Exercise objective = Only the lines in the entries below from the line with "National Park Service" to the line with "HD Rammstein Image, Download Free", both included, belong in the answer, transcribed exactly and without pictures.

Supplied material =
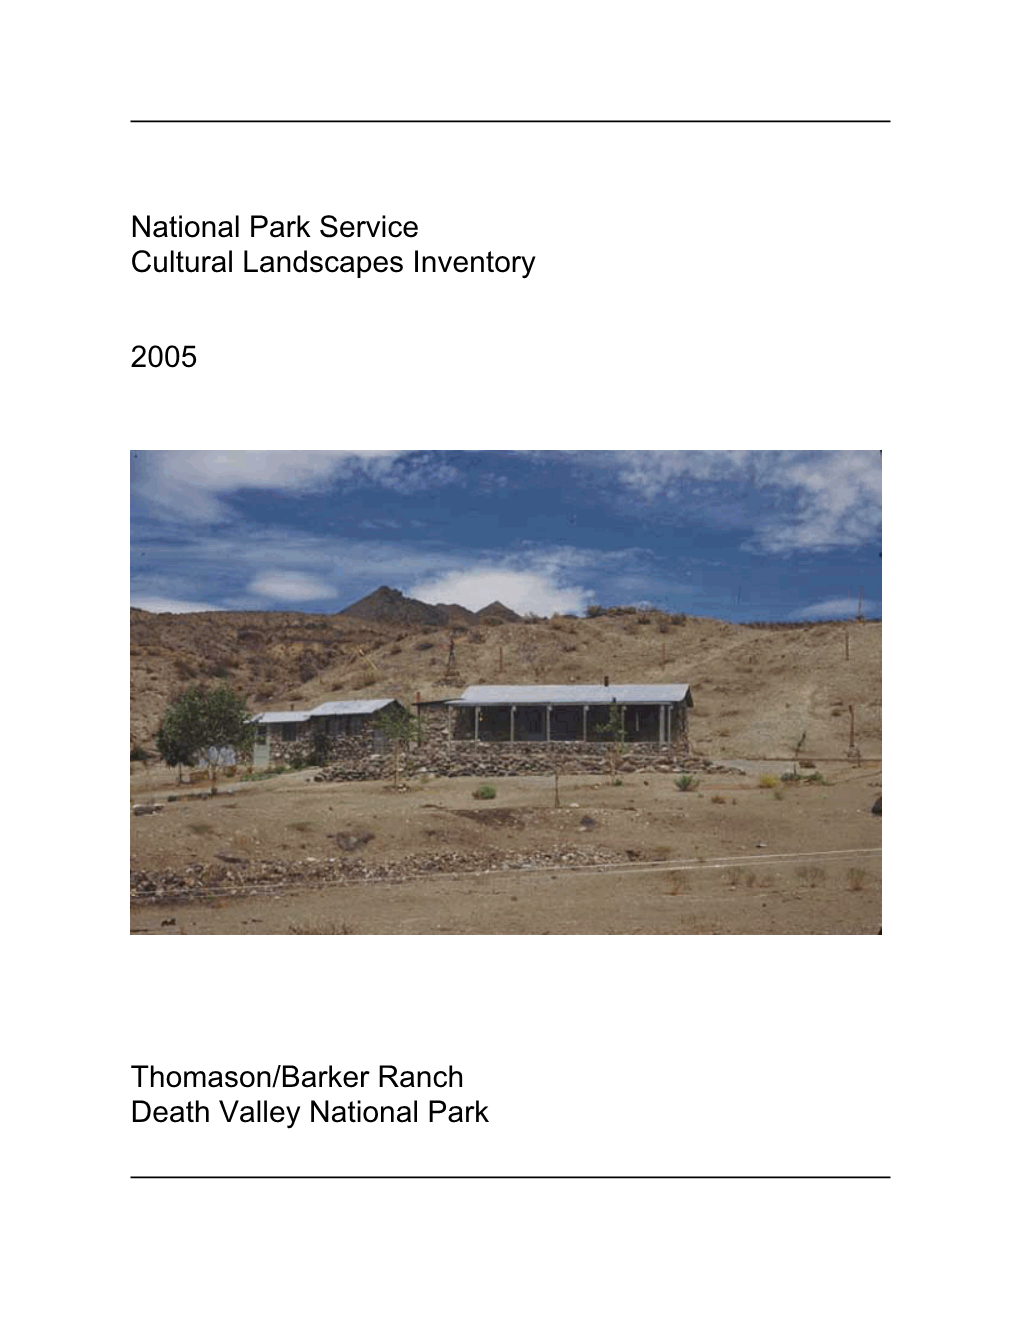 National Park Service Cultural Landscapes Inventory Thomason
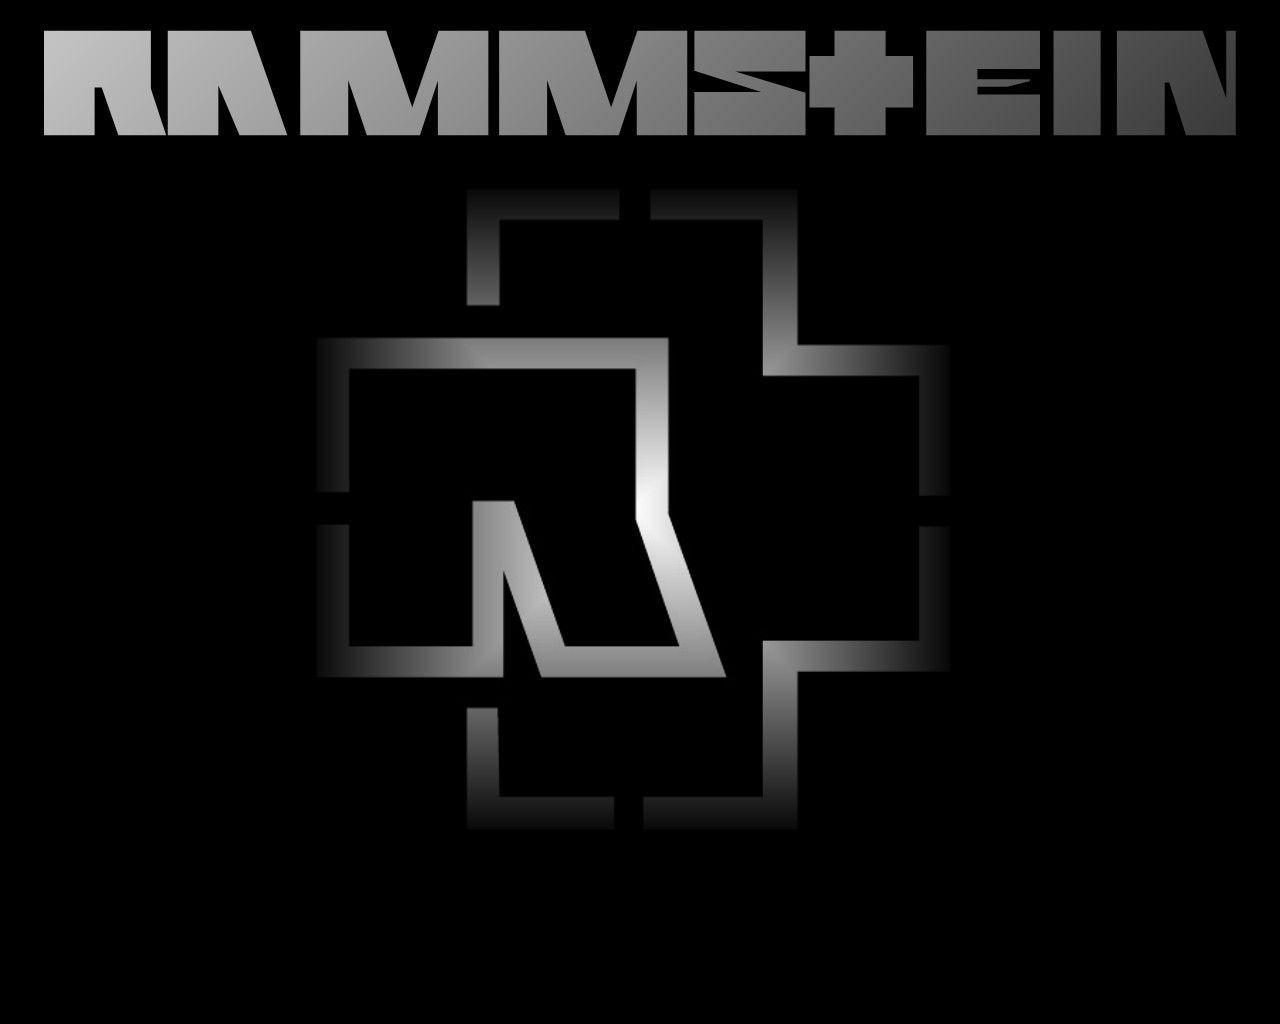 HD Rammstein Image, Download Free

--

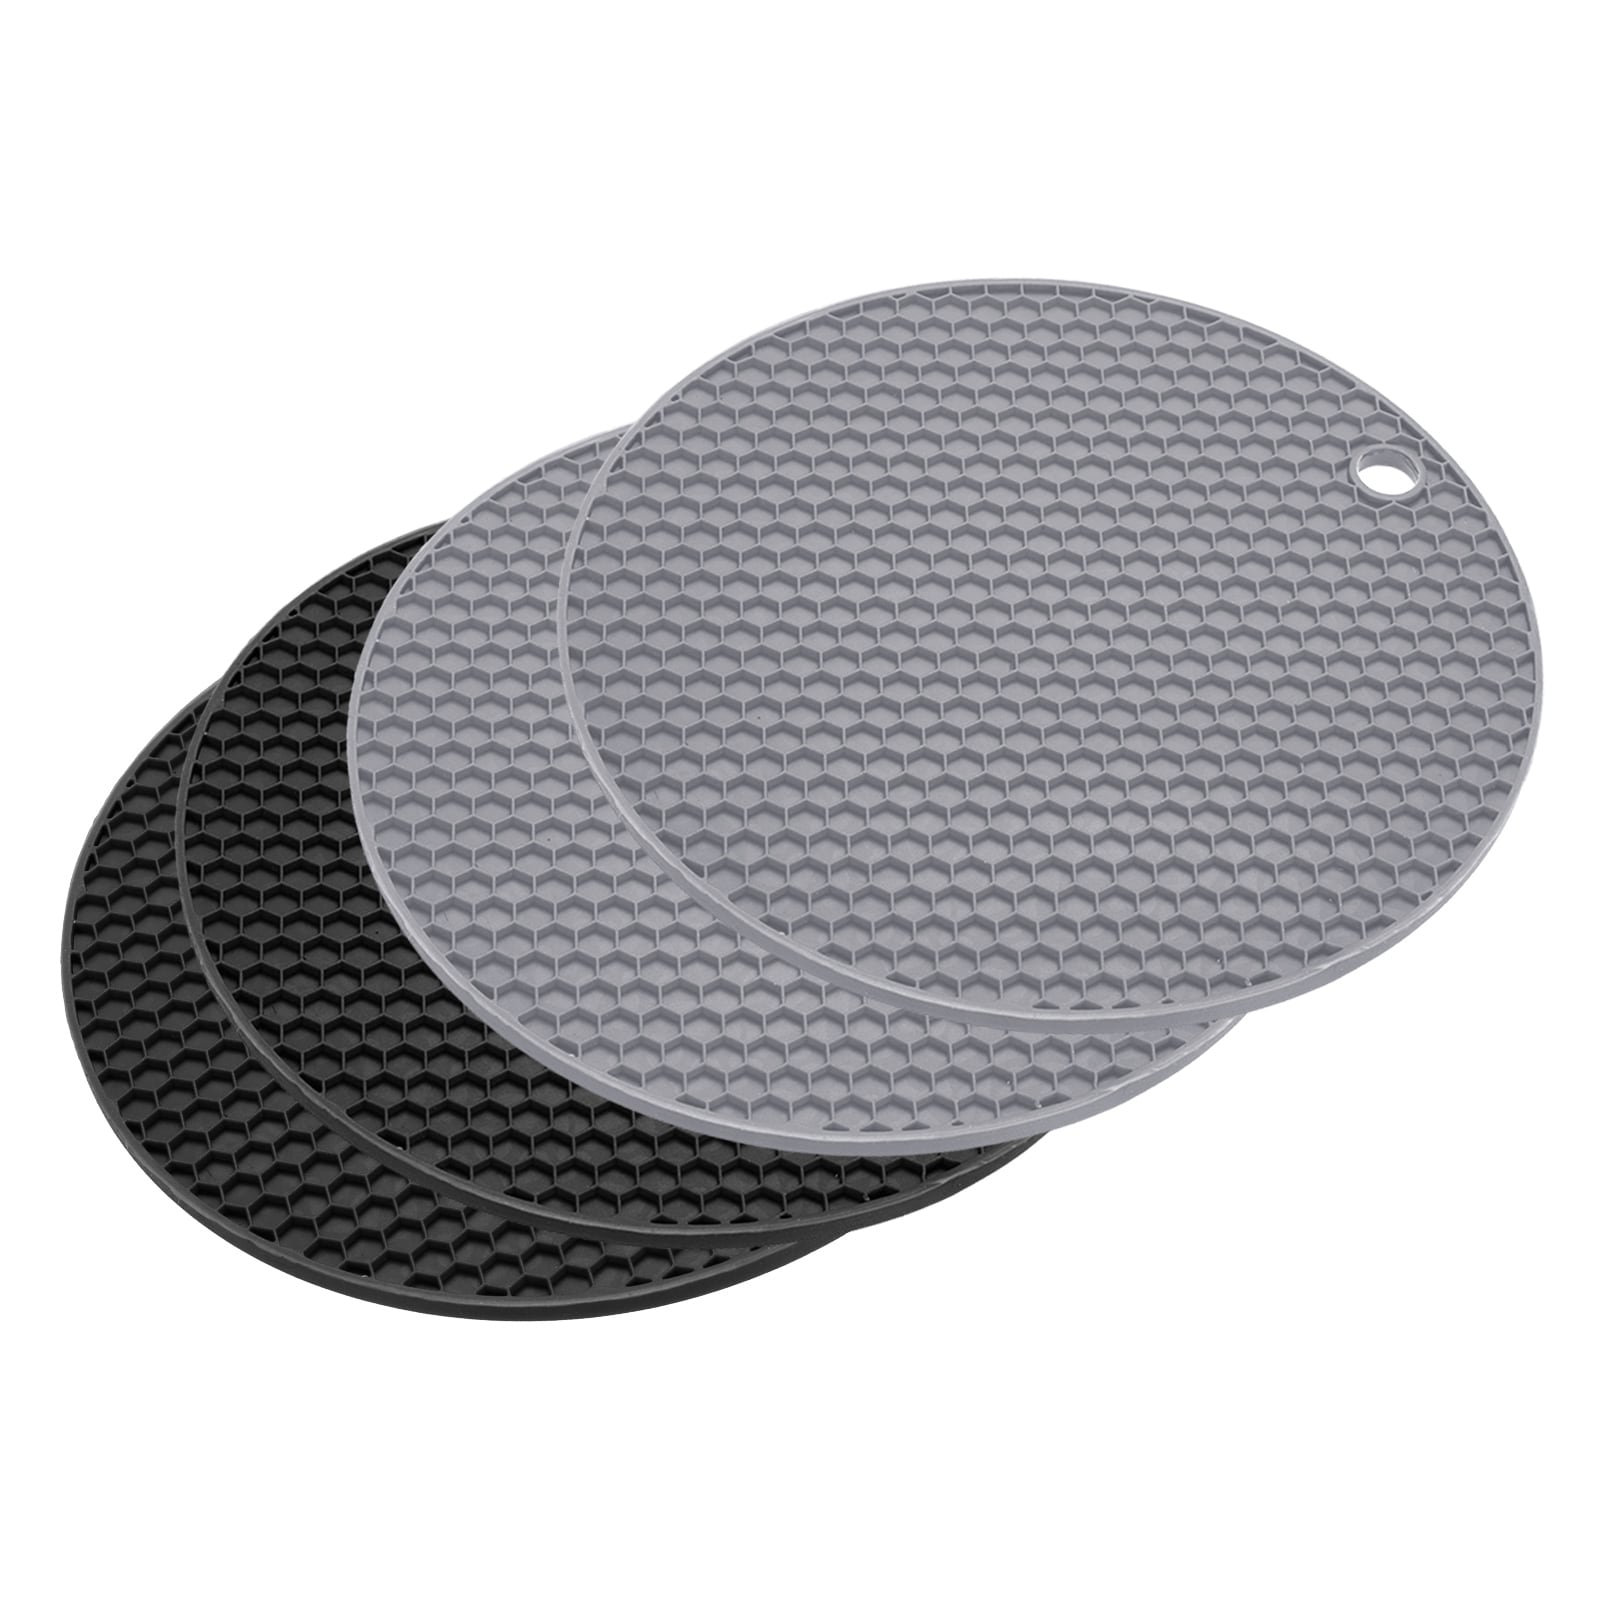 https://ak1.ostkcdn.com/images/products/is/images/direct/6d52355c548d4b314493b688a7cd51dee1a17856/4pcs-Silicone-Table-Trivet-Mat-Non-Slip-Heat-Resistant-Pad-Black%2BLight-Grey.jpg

==

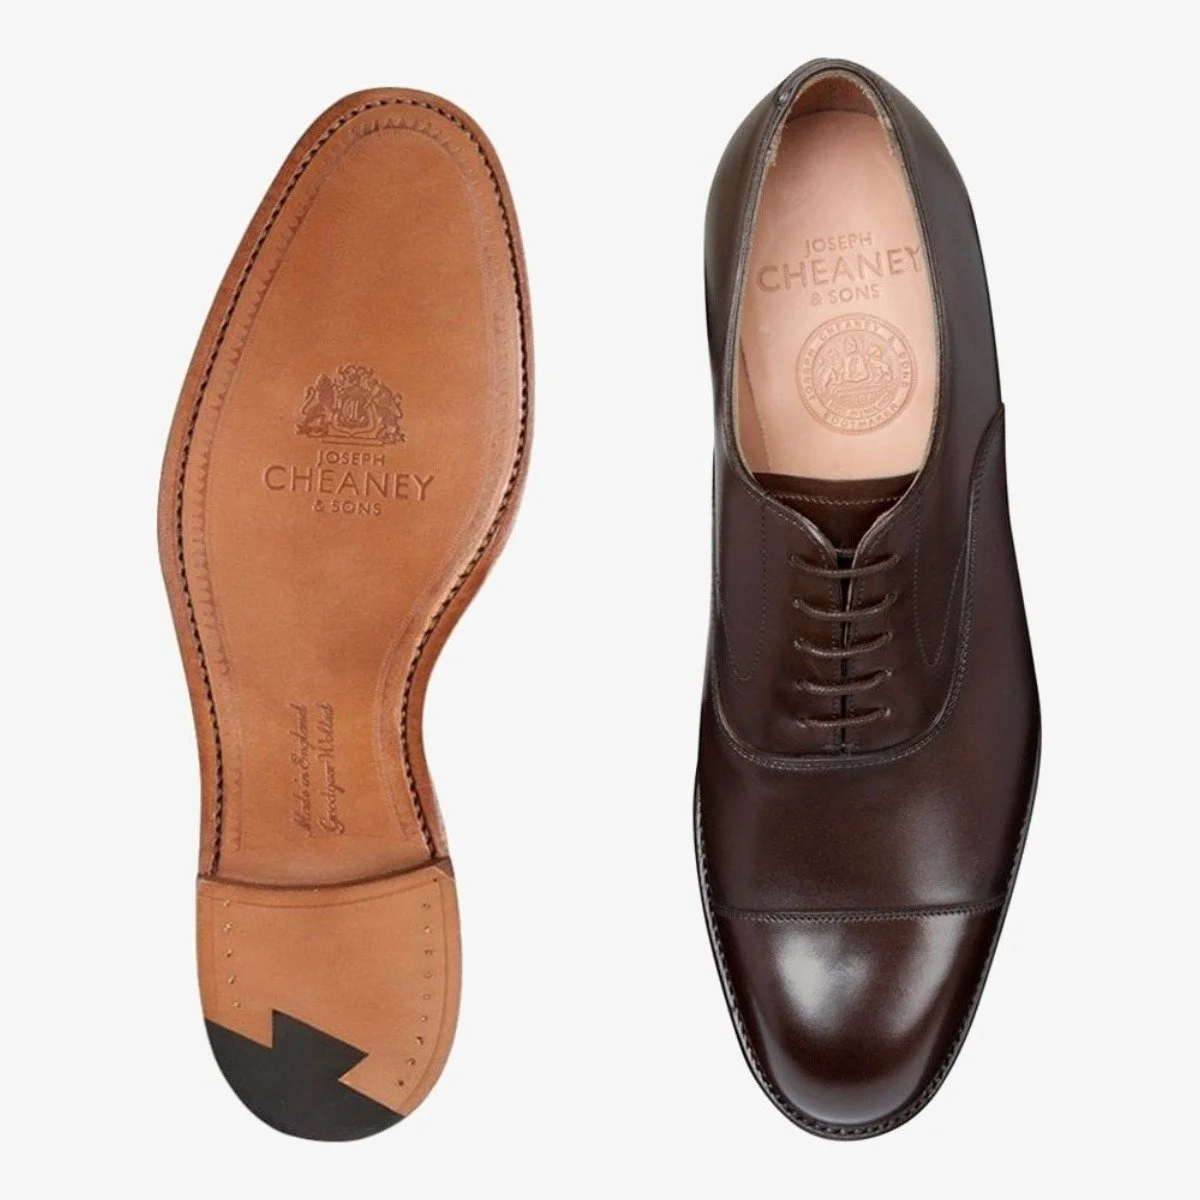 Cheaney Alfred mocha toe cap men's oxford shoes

Task answer =
 National Park Service Cultural Landscapes Inventory Thomason
 HD Rammstein Image, Download Free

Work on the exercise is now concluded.